**Information supplied:**
┄┄┄┄┄┄┄┄┄┄┄┄┄┄┄┄┄┄┄┄

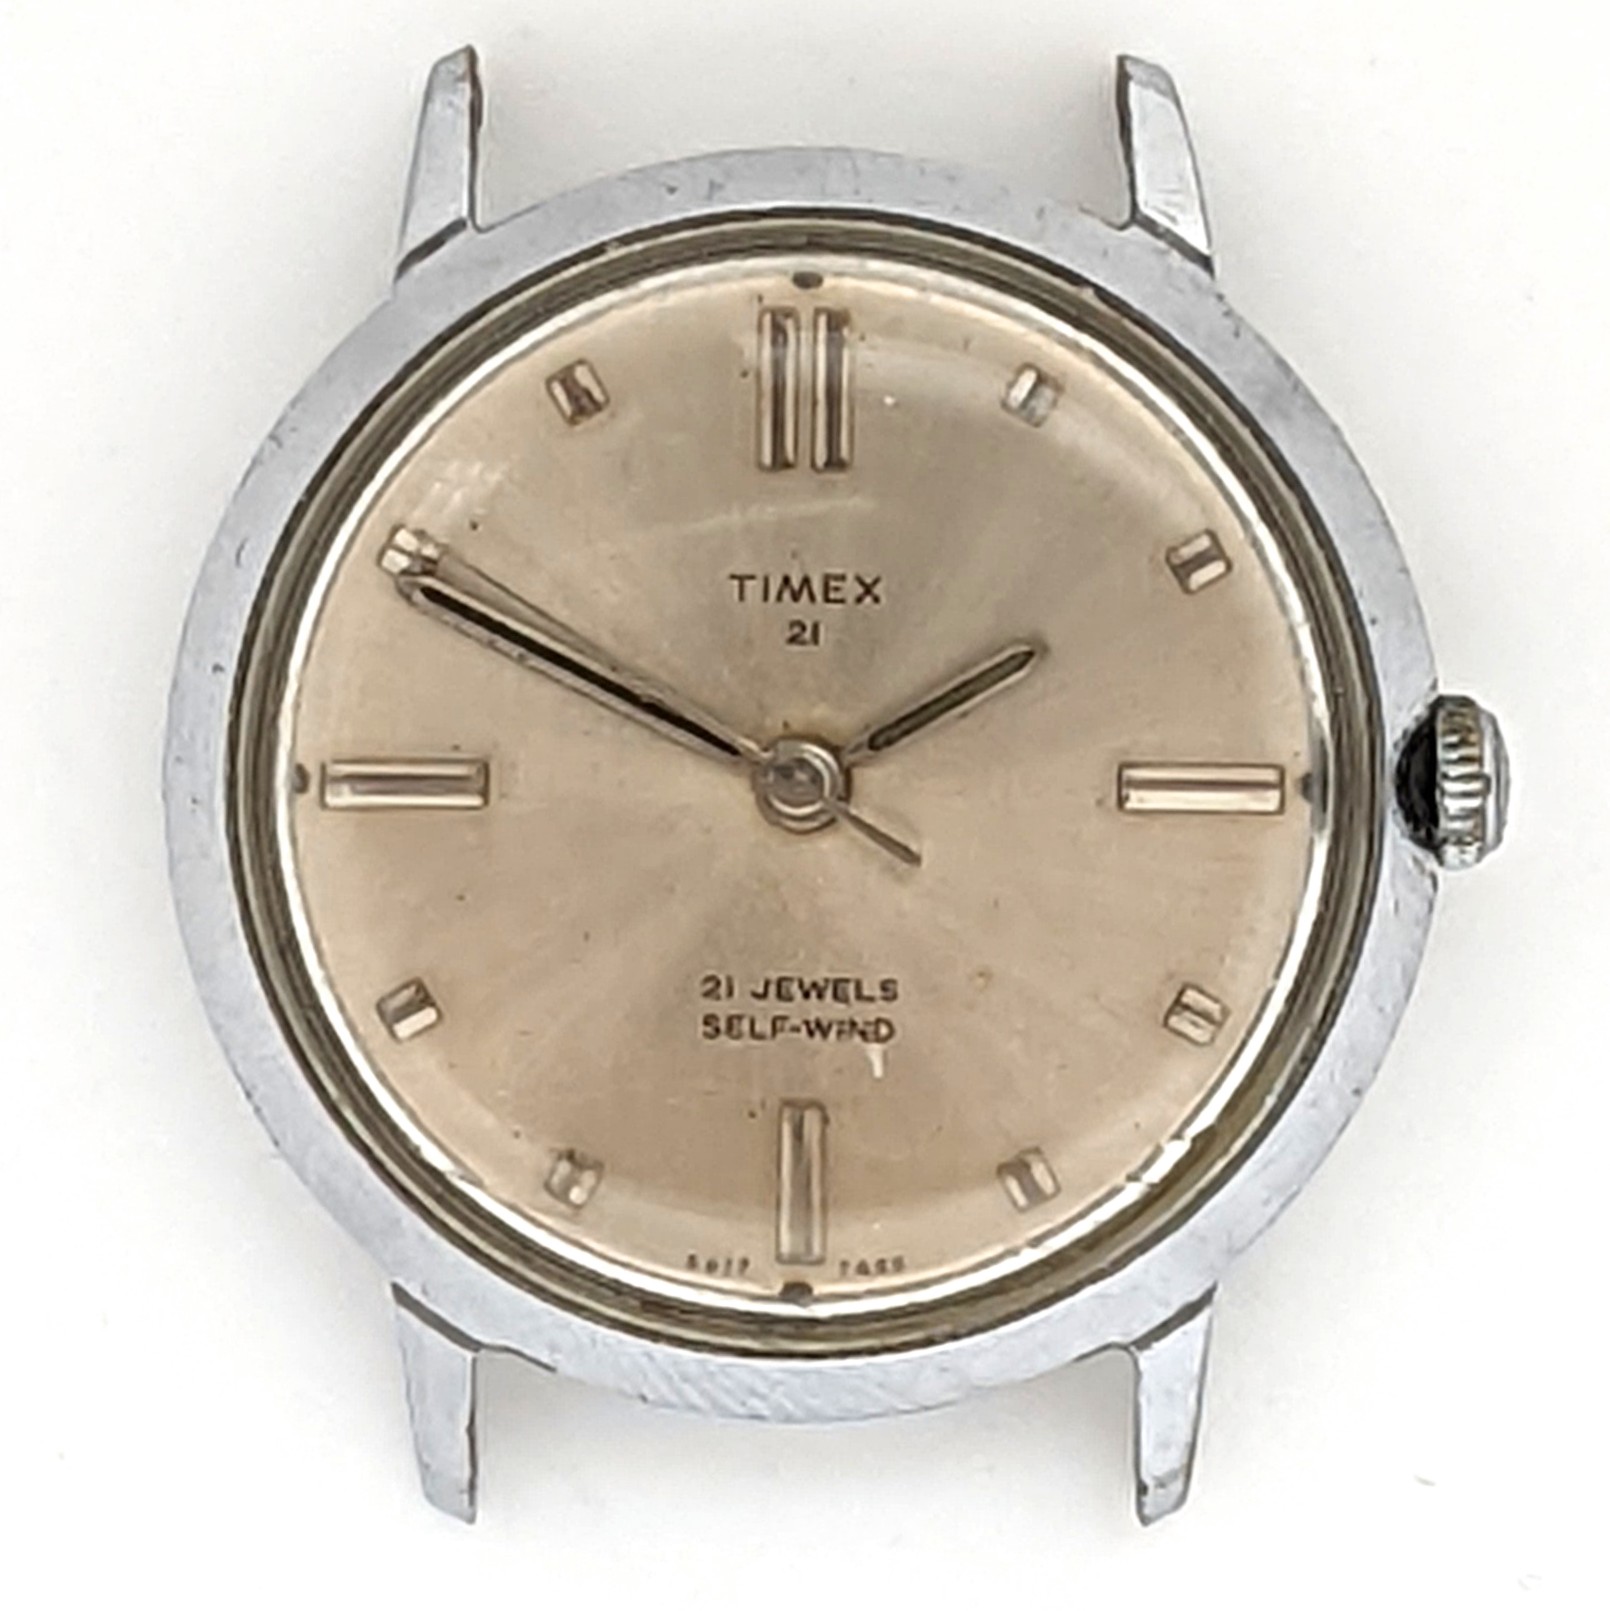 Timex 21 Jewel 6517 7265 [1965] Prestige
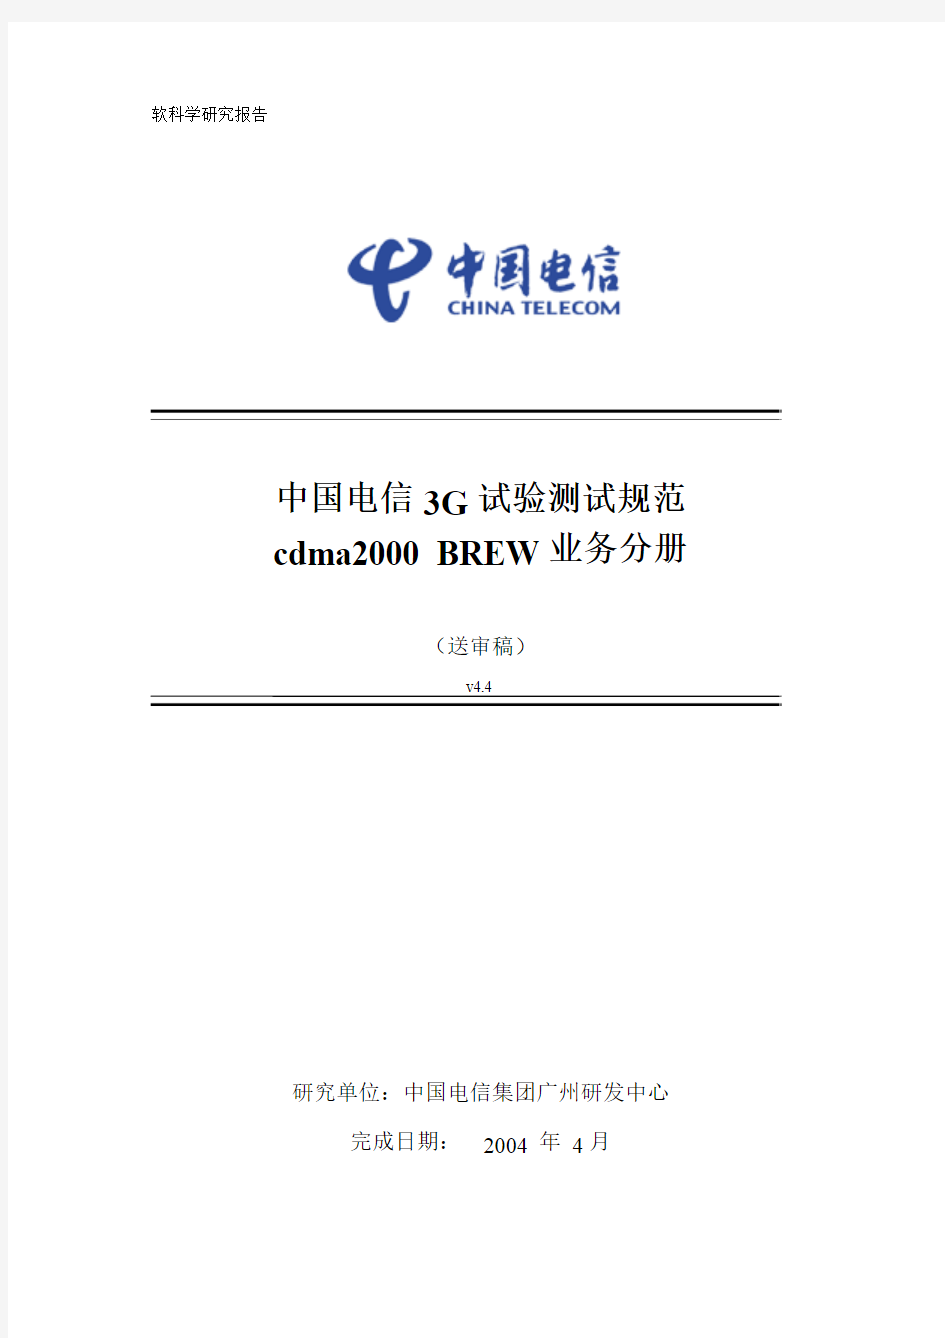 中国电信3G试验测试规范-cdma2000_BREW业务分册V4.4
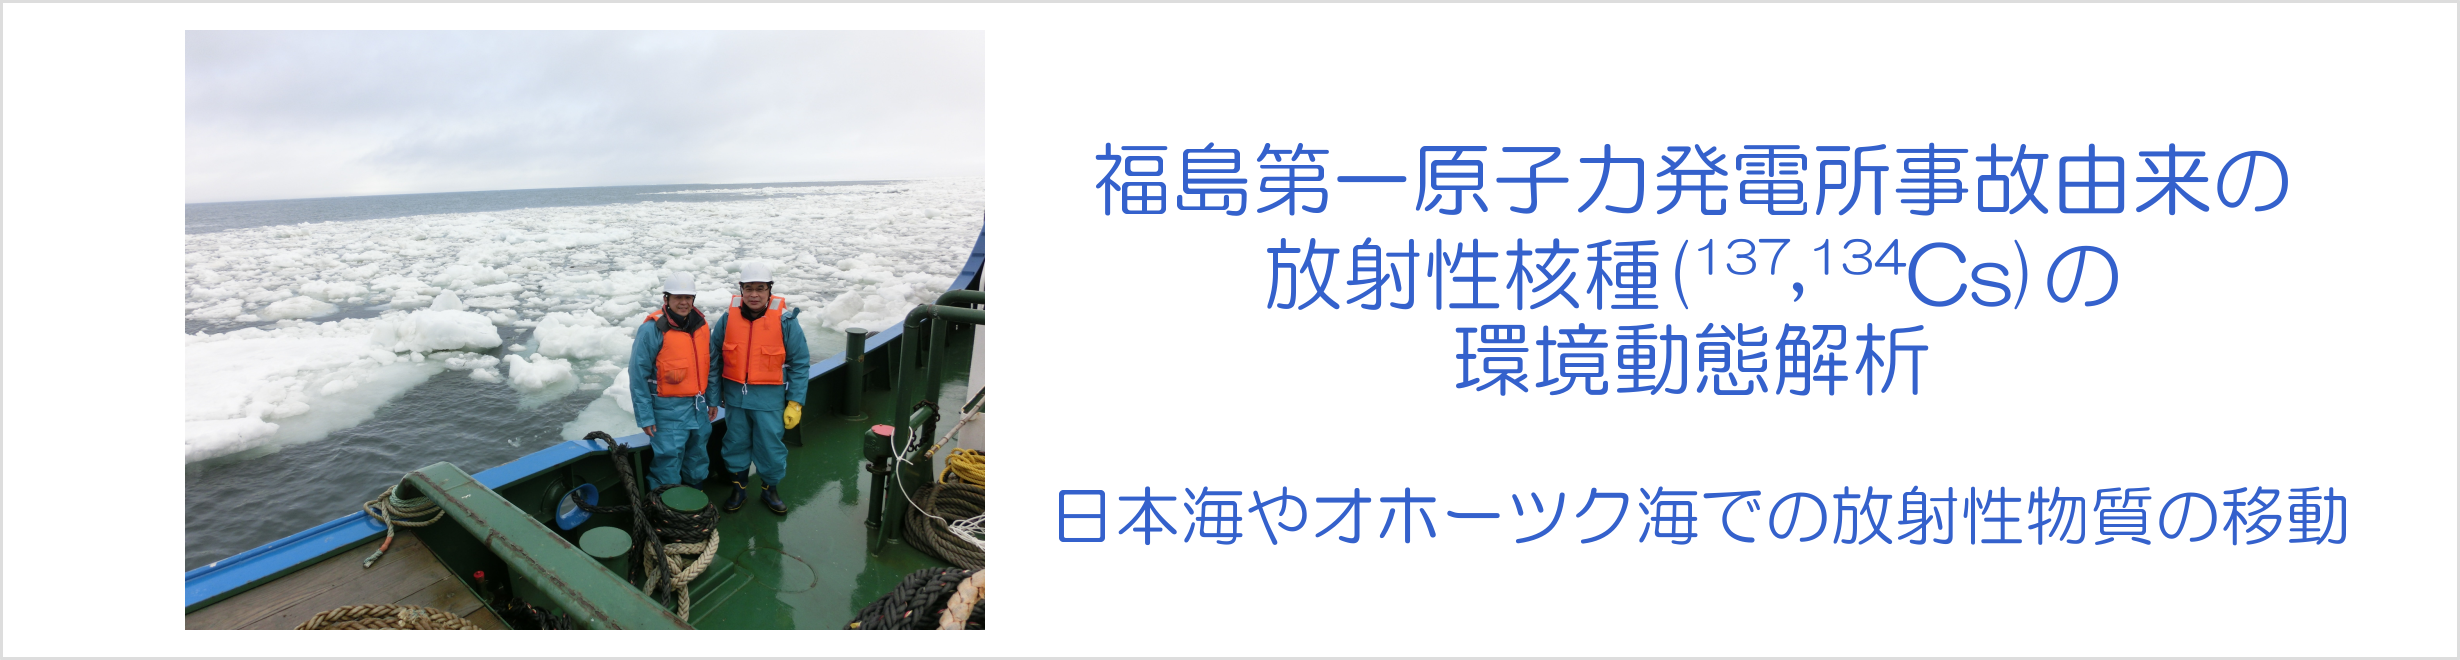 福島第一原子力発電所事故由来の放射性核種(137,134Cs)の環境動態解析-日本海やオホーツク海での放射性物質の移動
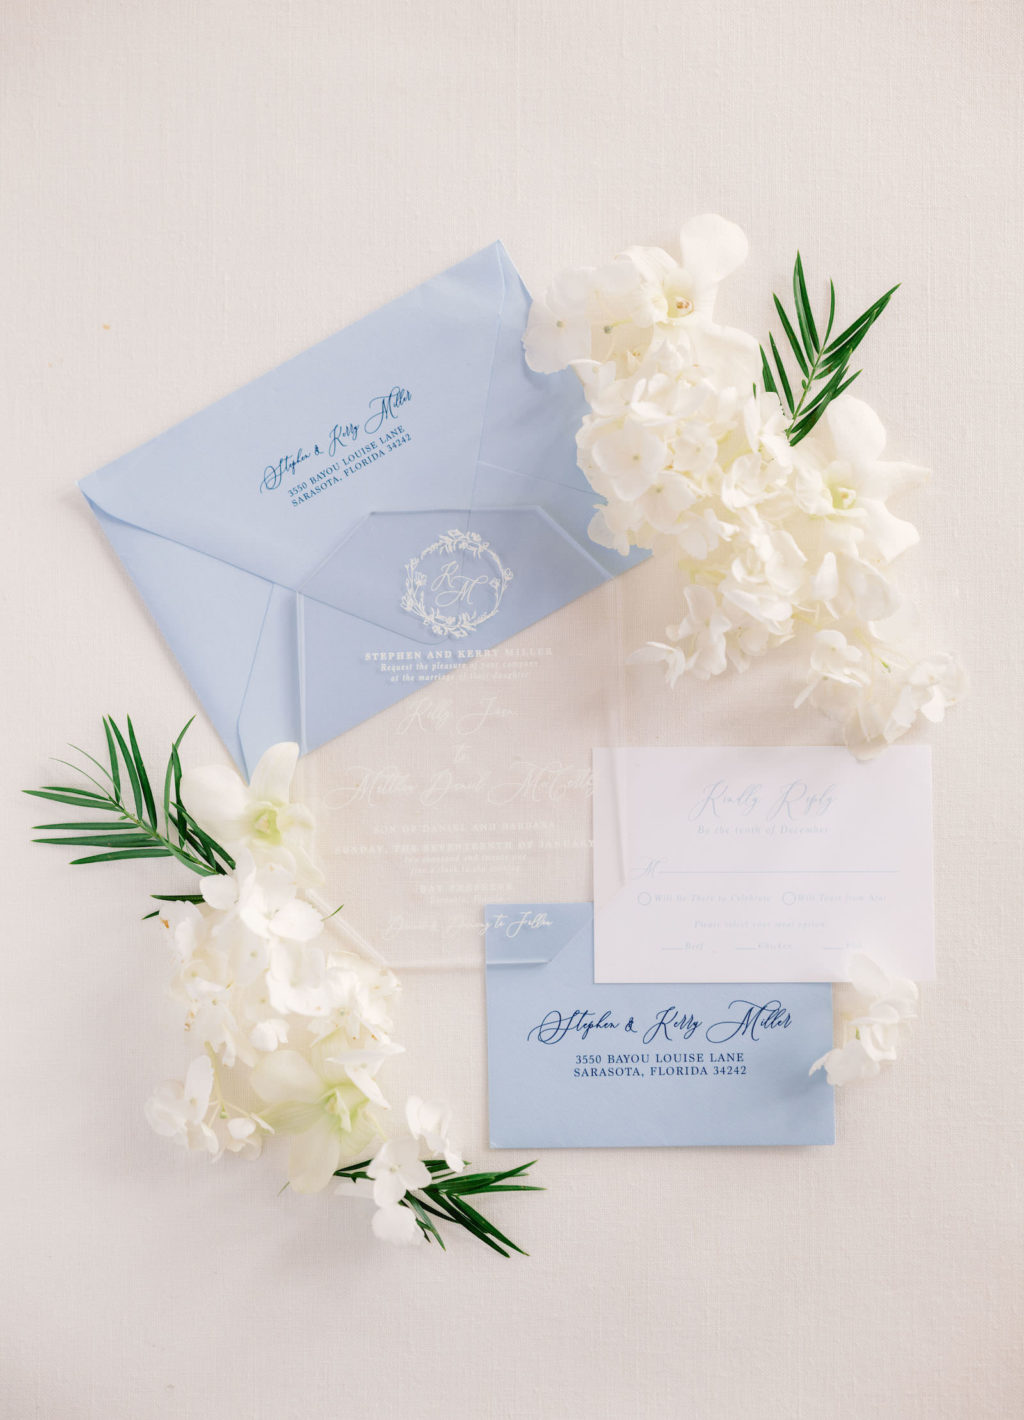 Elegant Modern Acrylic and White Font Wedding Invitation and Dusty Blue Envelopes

┄┄┄┄┄┄┄┄┄┄┄┄┄┄┄┄┄┄┄┄

Copy out the material above in full and exactly, but with no pictures.

**Result for this exercise:**
 Timex 21 Jewel 6517 7265 [1965] Prestige
 中国电信3G试验测试规范-cdma2000_BREW业务分册V4.4
 福島第一原子力発電所事故由来の放射性核種(137,134Cs)の環境動態解析-日本海やオホーツク海での放射性物質の移動
 Elegant Modern Acrylic and White Font Wedding Invitation and Dusty Blue Envelopes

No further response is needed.